Start with N flags each with 1 stripe (solid colors). Then each time we add a stripe, we'll look at the current color, and for each possible neighboring color, we'll create a flag of that color. So, if we have three colors (0, 1, 2) and the only constraint is that the same color cannot be next to each other, then we'll get:

Stripes Flags
1 0, 1, 2
2 01, 02, 10, 12, 20, 21
3 010, 012, 020, 021, 101, 102, 120, 121, 201, 202, 210, 212
... ...

For each flag ending in 0, we create one ending in 01 and 02. Same goes for those ending in 1 and 2.

Line 41 creates a Map named "contributes", while lines 45-65 initialize it. Each key in the map is a color, and the value is a Set containing all the colors that may neighbor it. In each round, the ending color will contribute each of these colors to the next round.

On Line 86 a Map called endsWithCount is created.

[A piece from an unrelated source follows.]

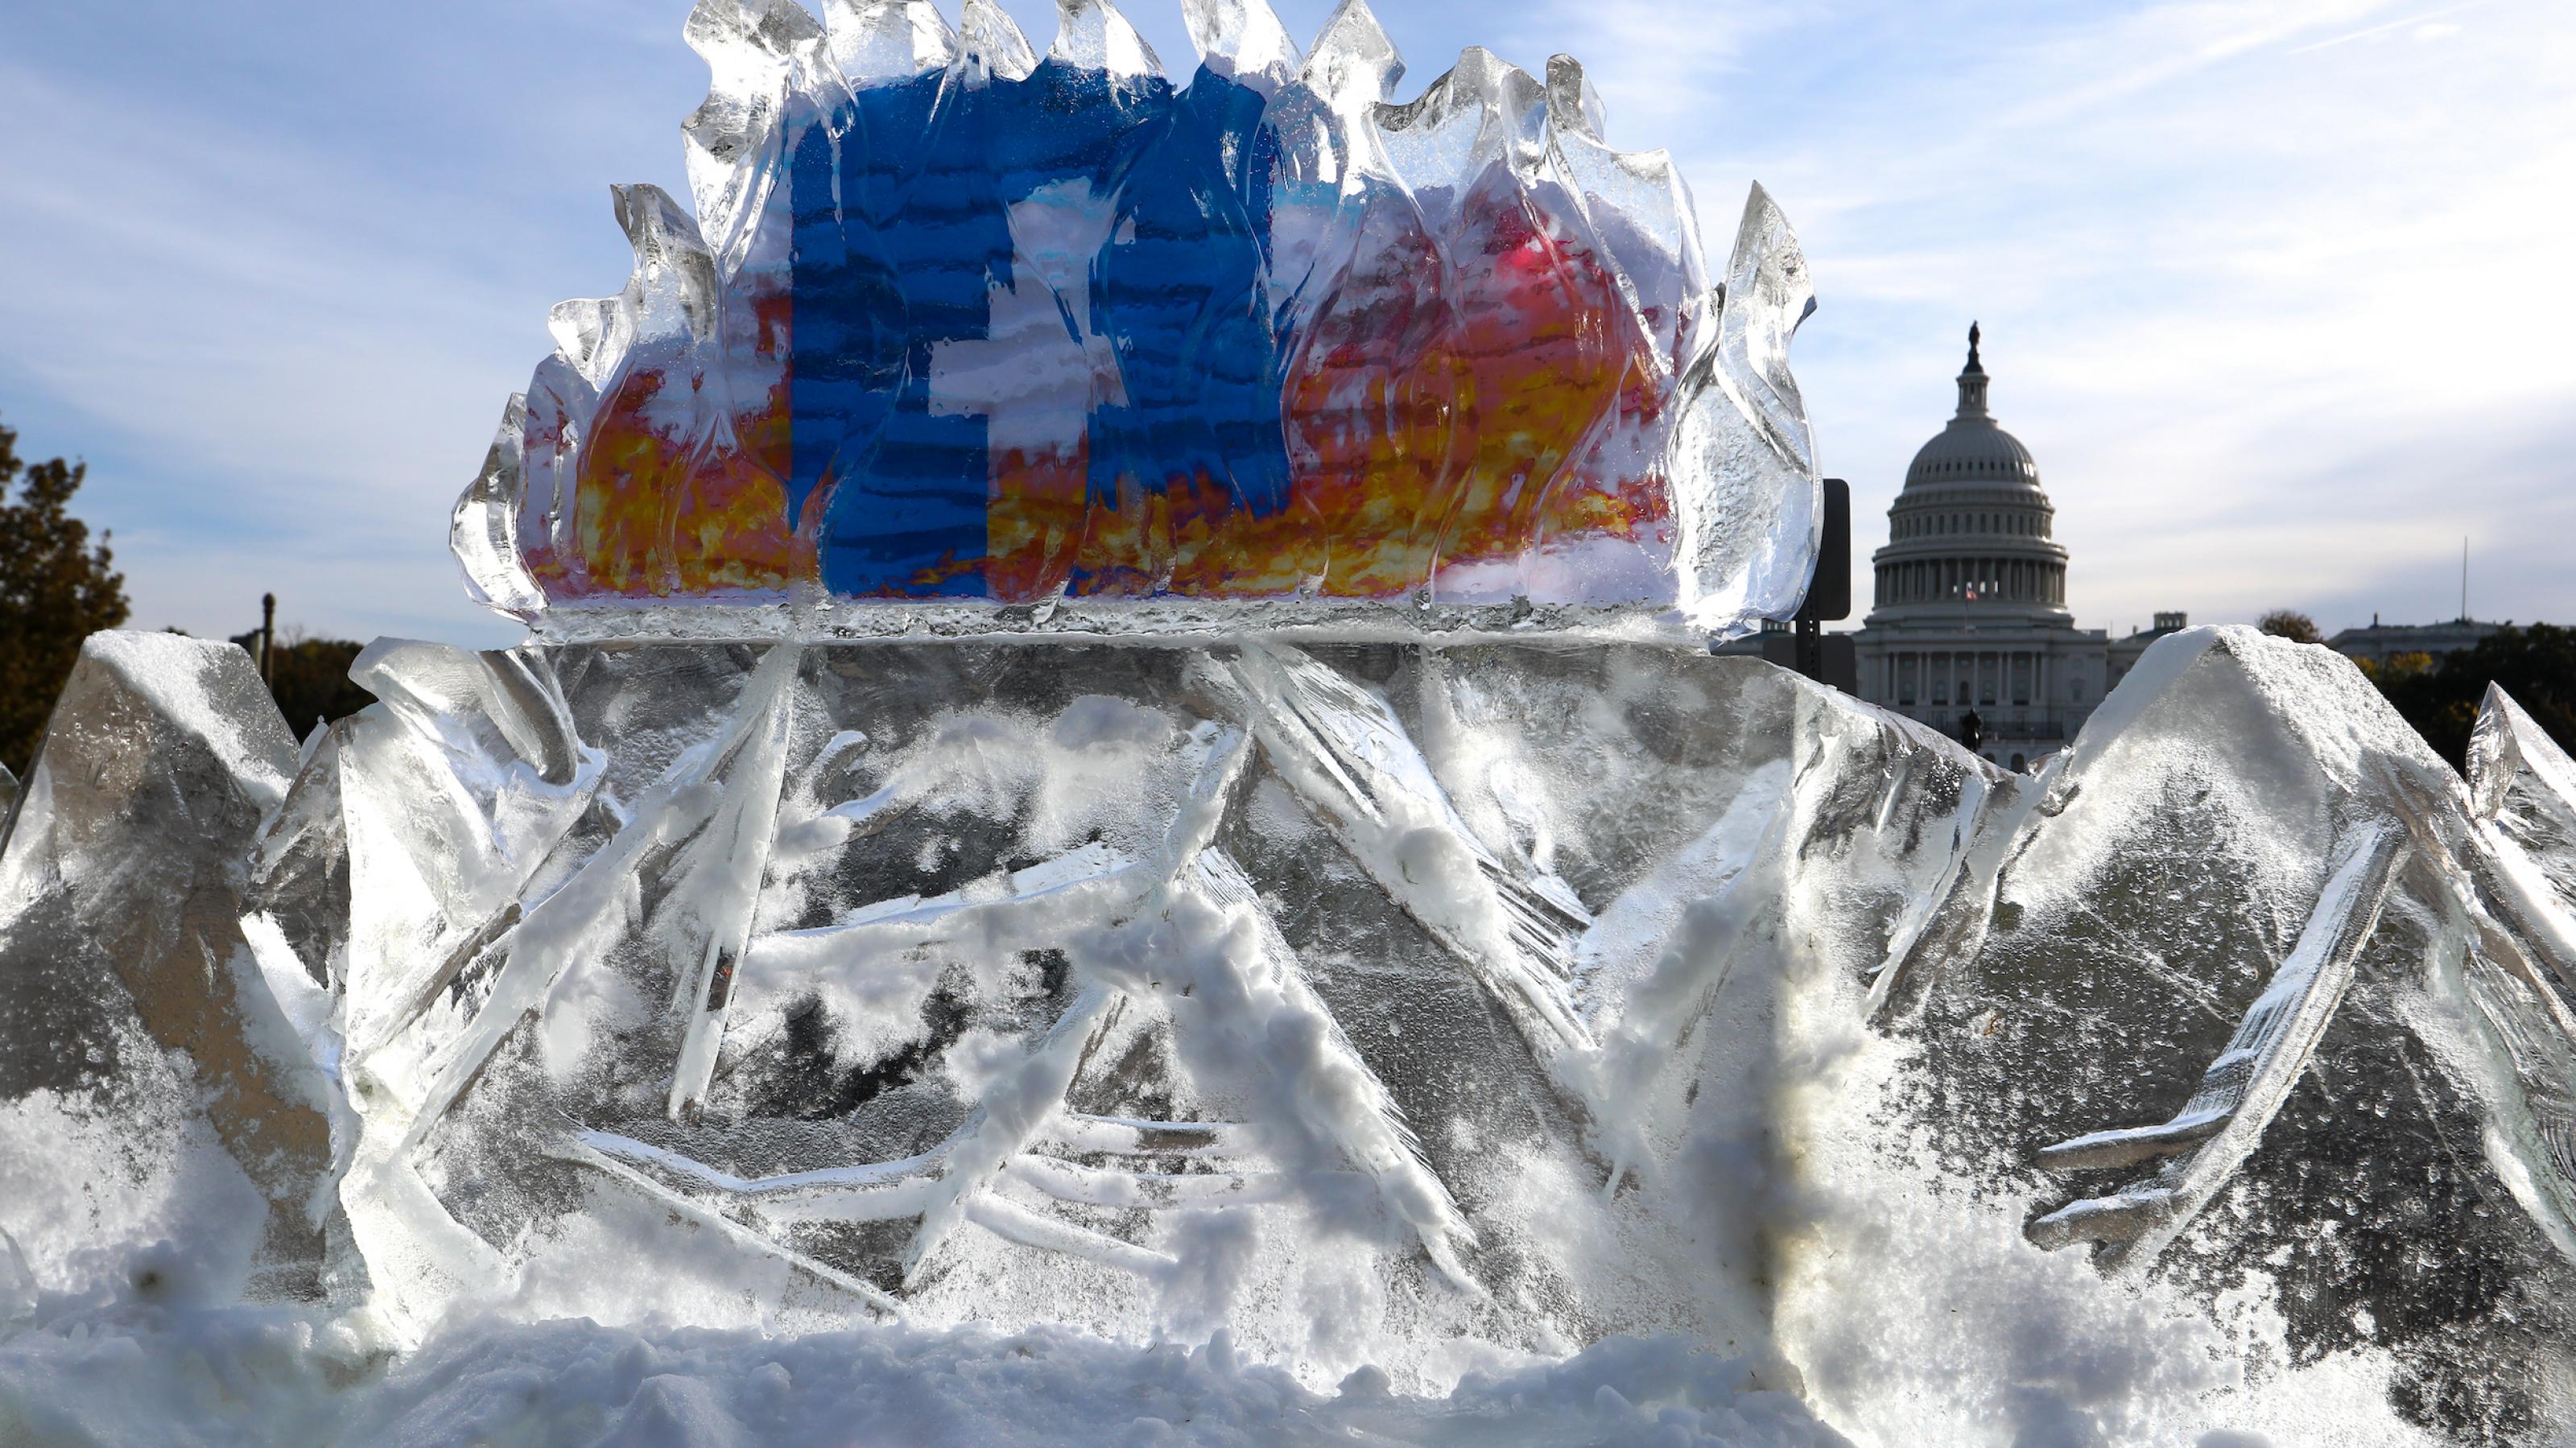 Klimaaktivisten bringen Anfang November 2021 einen 5000 Pfund schweren Eisberg vor dem Kapitol in Washington D.C. zum Schmelzen, um gegen die Rolle von Facebook bei der Verbreitung von Klima-Fehlinformationen zu protestieren. Foto: picture alliance / Anadolu Agency | Yasin Ozturk

This holds a key for each color, and the value is the number of flags in that round that end with that color. When combined with the contributes map, we can see how many flags end with each color, and how many will end with each color in the next round.

What makes this problem difficult is the cases where all of the colors allow only one neighbor. Here, each additional stripe creates at most N additions flags, where N is the number of colors. The number of flags created grows linearly (instead of exponentially), and when some of the test cases expect 10 quadrillion flags, it could take a while. To handle this case, the check at line 72 is performed. If isLinearGrowth() returns true, then we abandon trying to determine the number of flags by iterating through each additional stripe, and instead use division to arrive at the answer.